NLP challenge project

bfarzin · May 2, 2019, 10:08pm

FWIW on this I am going to try to pull down a larger Twitter (spanish) data set for LM modeling (or fine-tuning) Script is pretty simple if you have Tweepy installed and have an “authorized” account (just a matter of requesting it.) Code is below if it helps anyone else out. the text file will only be good for LM training (single column with just the full tweet text in it)

import tweepy
from config_twitter import Config_Twitter
import json
import os

from ipdb import set_trace

#config params
my_config = Config_Twitter()
consumer_key = my_config.CONSUMER_KEY
consumer_secret = my_config.CONSUMER_SECRET
access_token = my_config.ACCESS_TOKEN
access_token_secret = my_config.ACCESS_TOKEN_SECRET

auth = tweepy.OAuthHandler(consumer_key,consumer_secret)
auth.set_access_token(access_token,access_token_secret)

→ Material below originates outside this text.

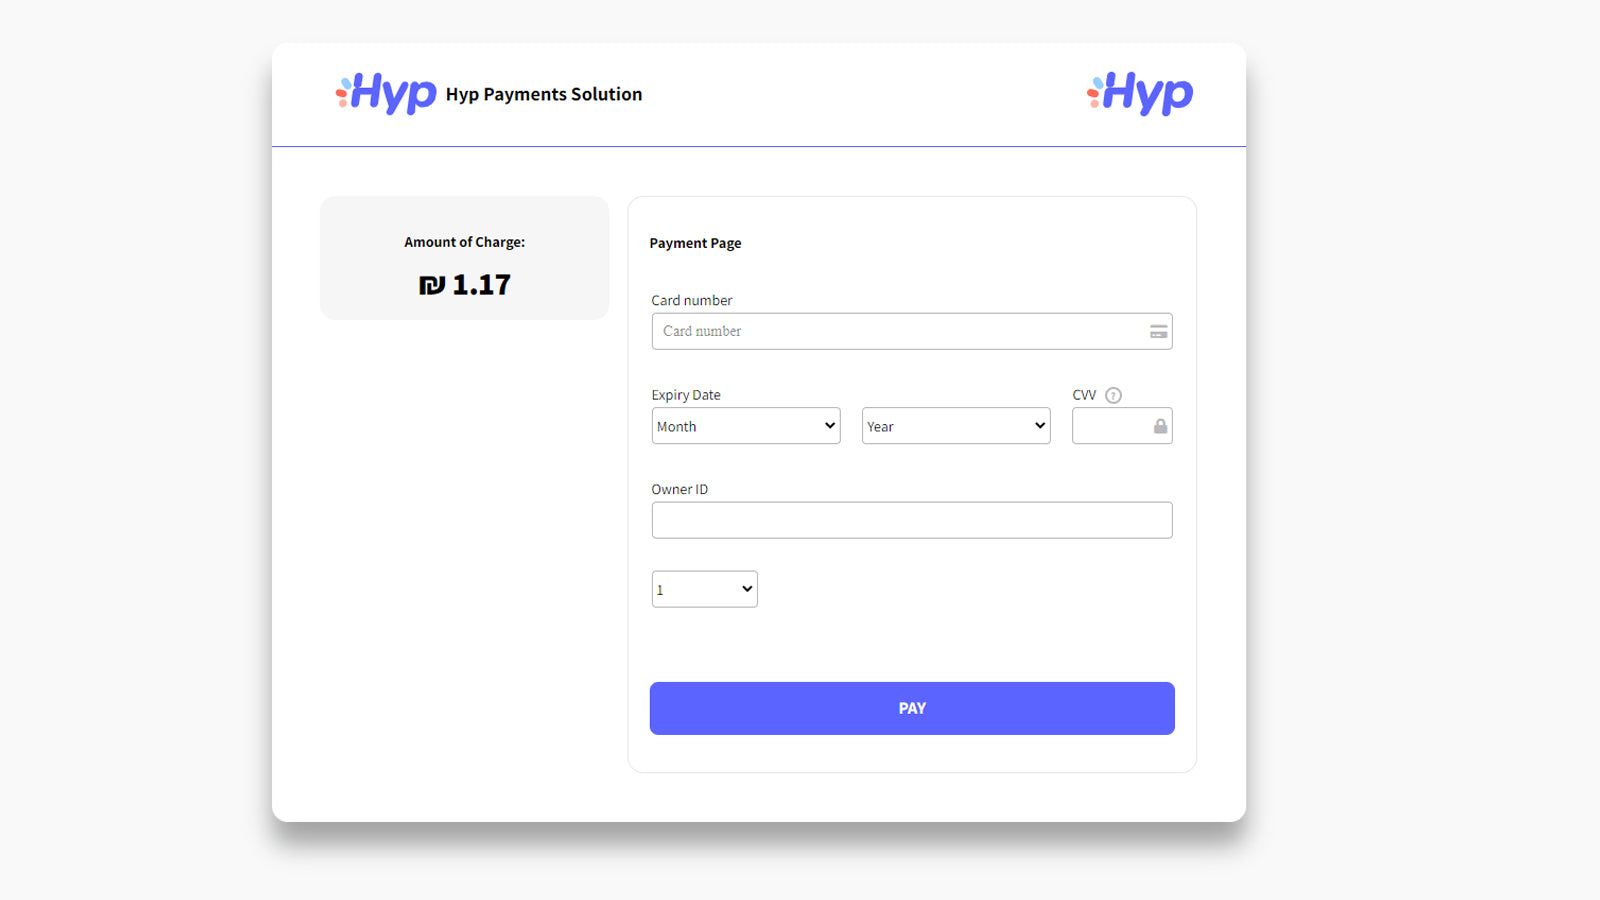 Hyp Payment Page in English

class StdOutListener(tweepy.streaming.StreamListener):
    def __init__(self,out_fn):
        self.fhOut = open(out_fn,'a')
        self.fhOut.write("tweet_text" + os.linesep)
        super().__init__()
    #This function gets called every time a new tweet is received on the stream
    def on_data(self, data):
        j=json.loads(data)
        try:
            if 'extended_tweet' in j.keys():
                text = j['extended_tweet']['full_text']
                print(text)
                self.fhOut.write('"' + text + '"' + os.linesep)
        except KeyError:
            pass

    def on_error(self, status):
        print("ERROR")
        print(status)

try:
    l = StdOutListener('out_file.txt')
    stream = tweepy.Stream(auth,l)
    stream.filter(languages=["es"],track=['el','su','lo','y','en'])
except KeyboardInterrupt:
    pass